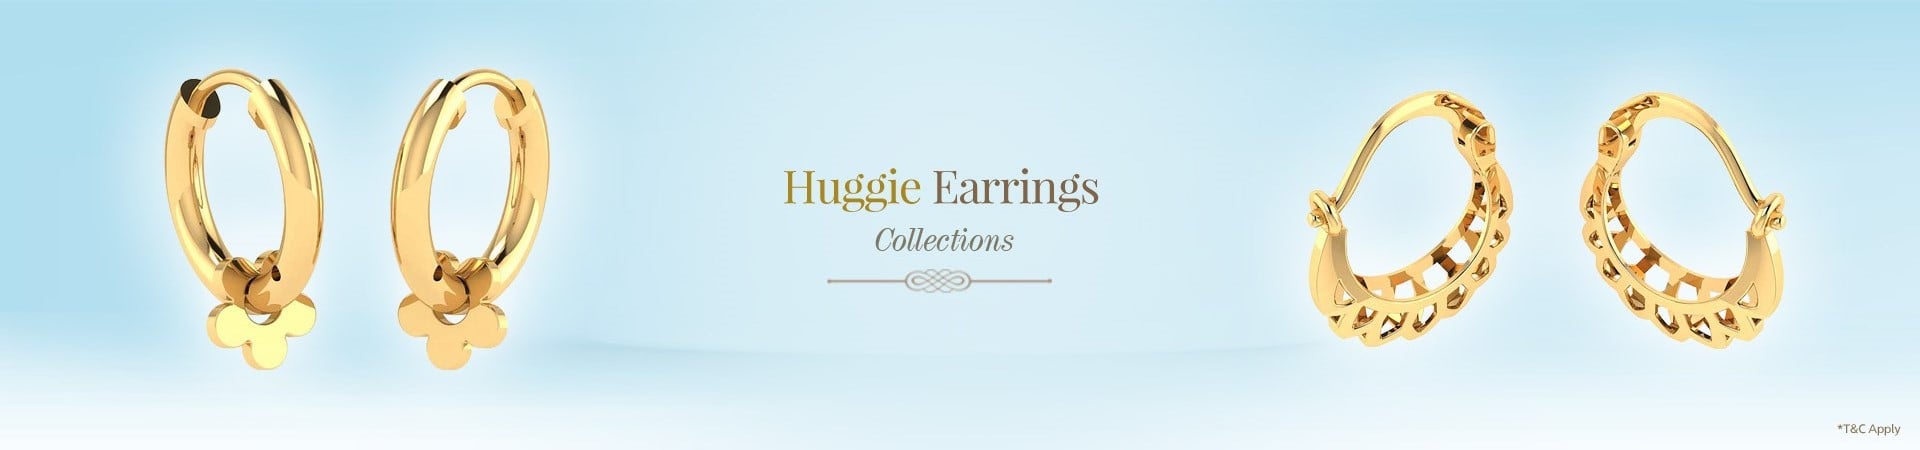 Gold Huggies Earrings Online
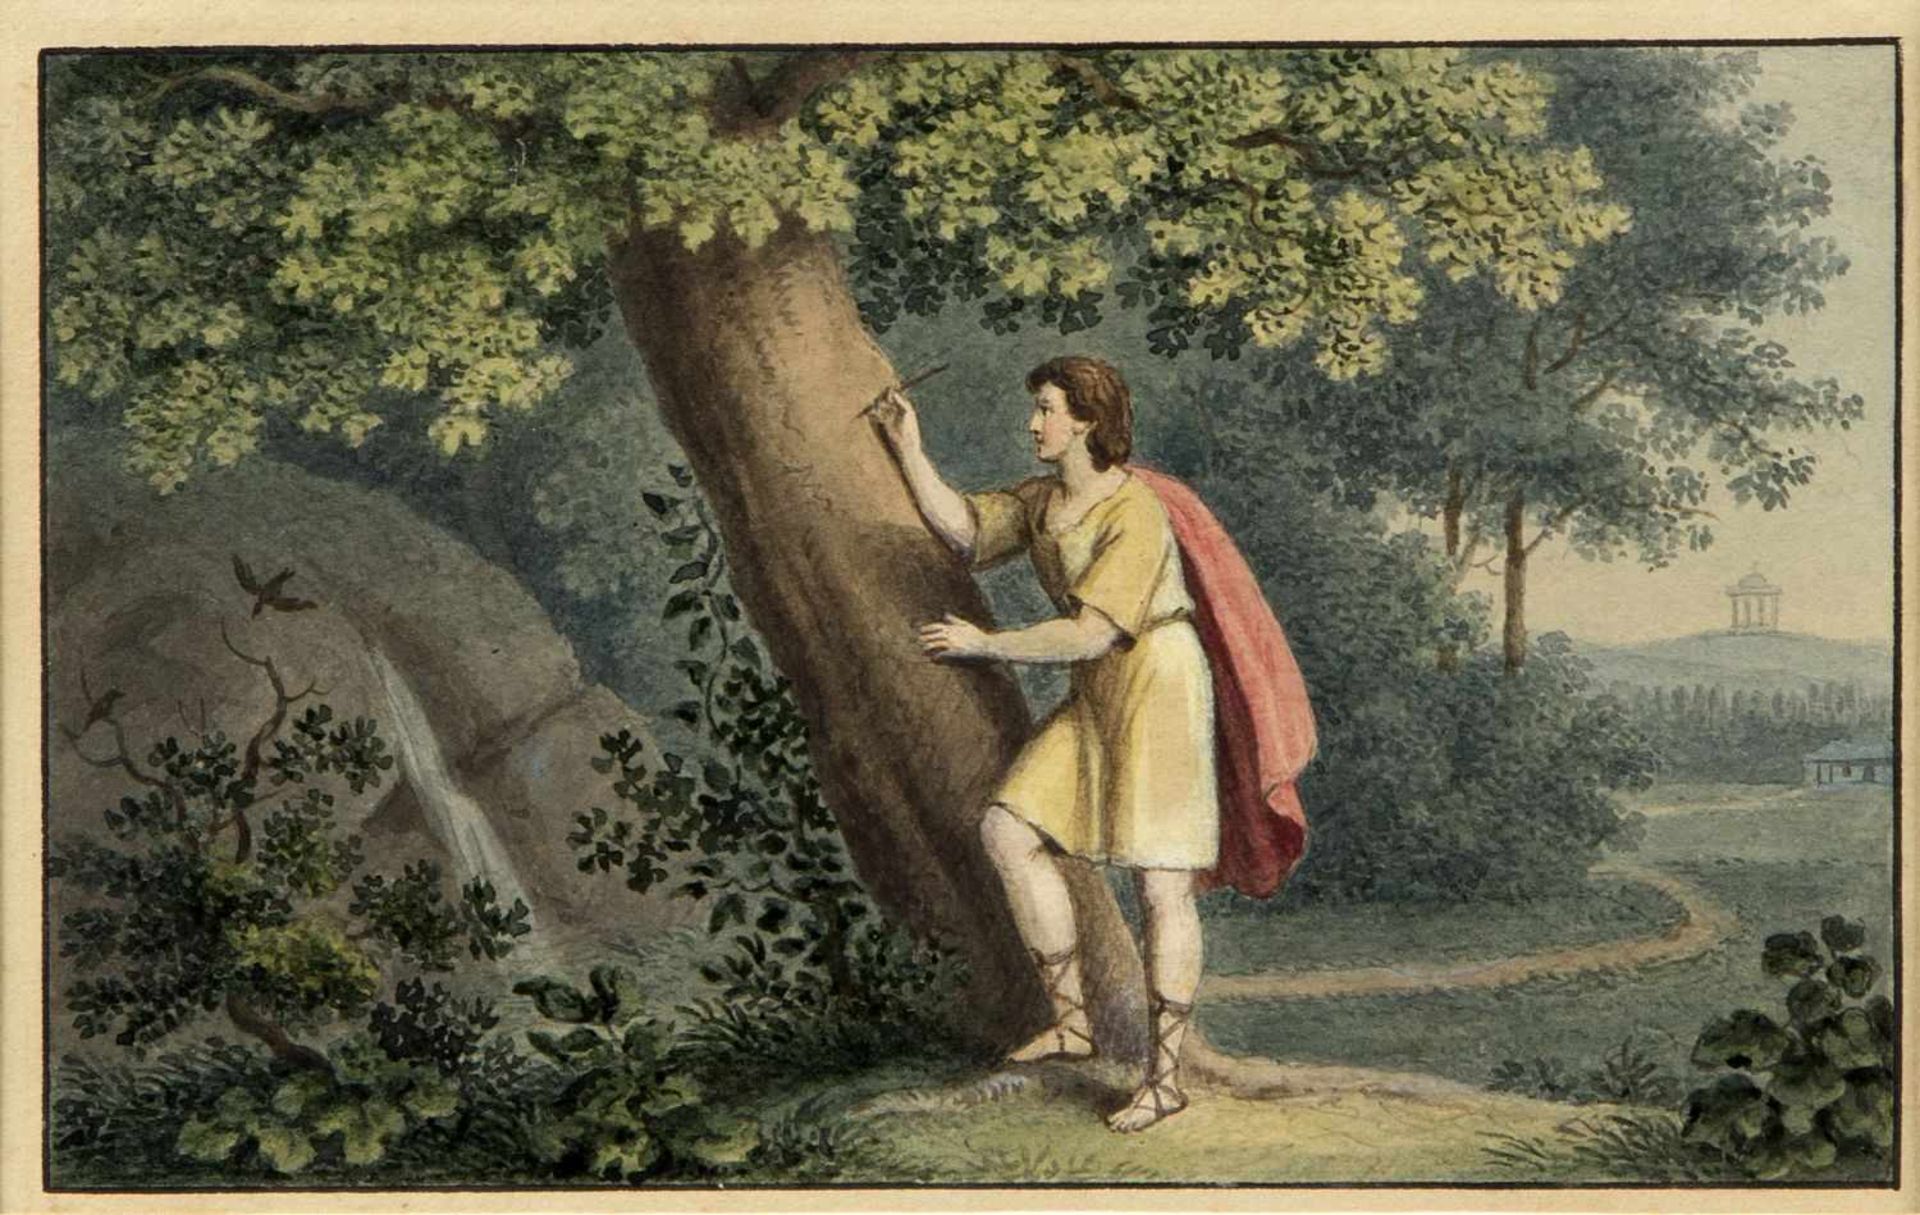 Schurig, Karl Wilhelm. 1818 Leipzig - Dresden 1874. Zugeschrieben Jüngling ritzt in einen Baum.
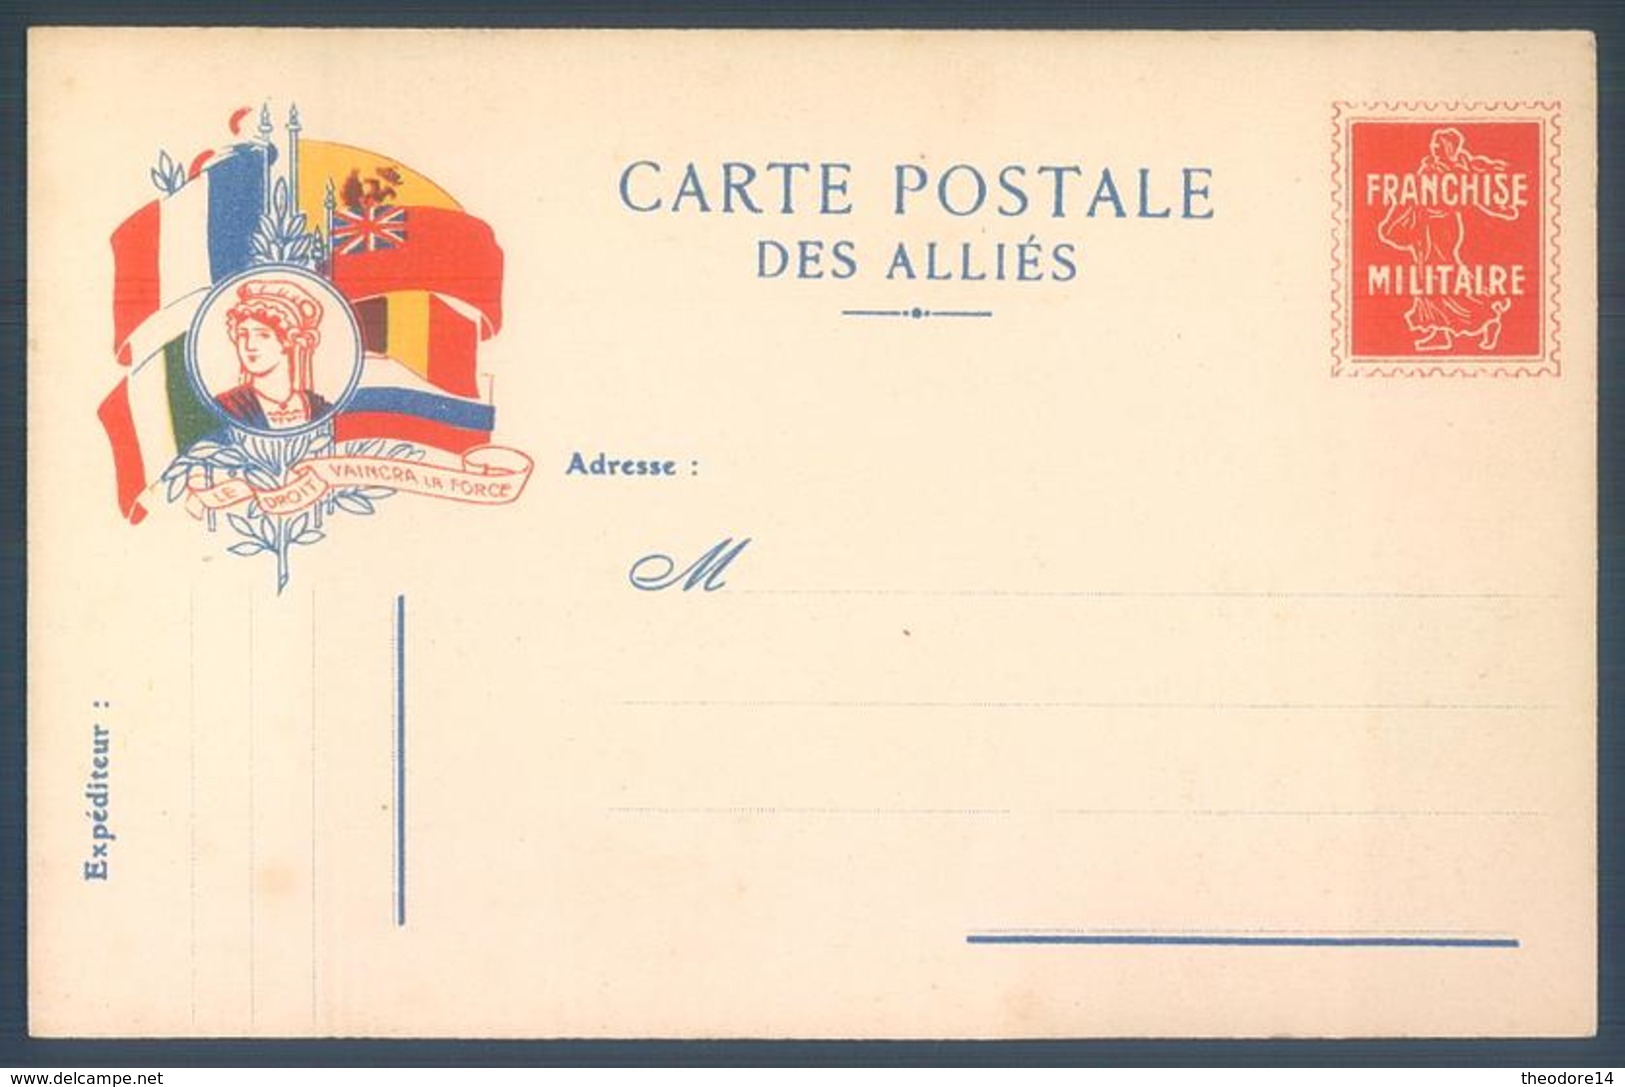 Lot de 7 cartes Carte Postale des Alliés Franchise Militaire Guerre 14/18

▸ The problem
Begin at the line containing "Schurig, Karl Wilhelm." and stop at the final line of the data. Retype those lines exactly, without the pictures.

▸ Solution to the problem
 Schurig, Karl Wilhelm. 1818 Leipzig - Dresden 1874. Zugeschrieben Jüngling ritzt in einen Baum.
 Lot de 7 cartes Carte Postale des Alliés Franchise Militaire Guerre 14/18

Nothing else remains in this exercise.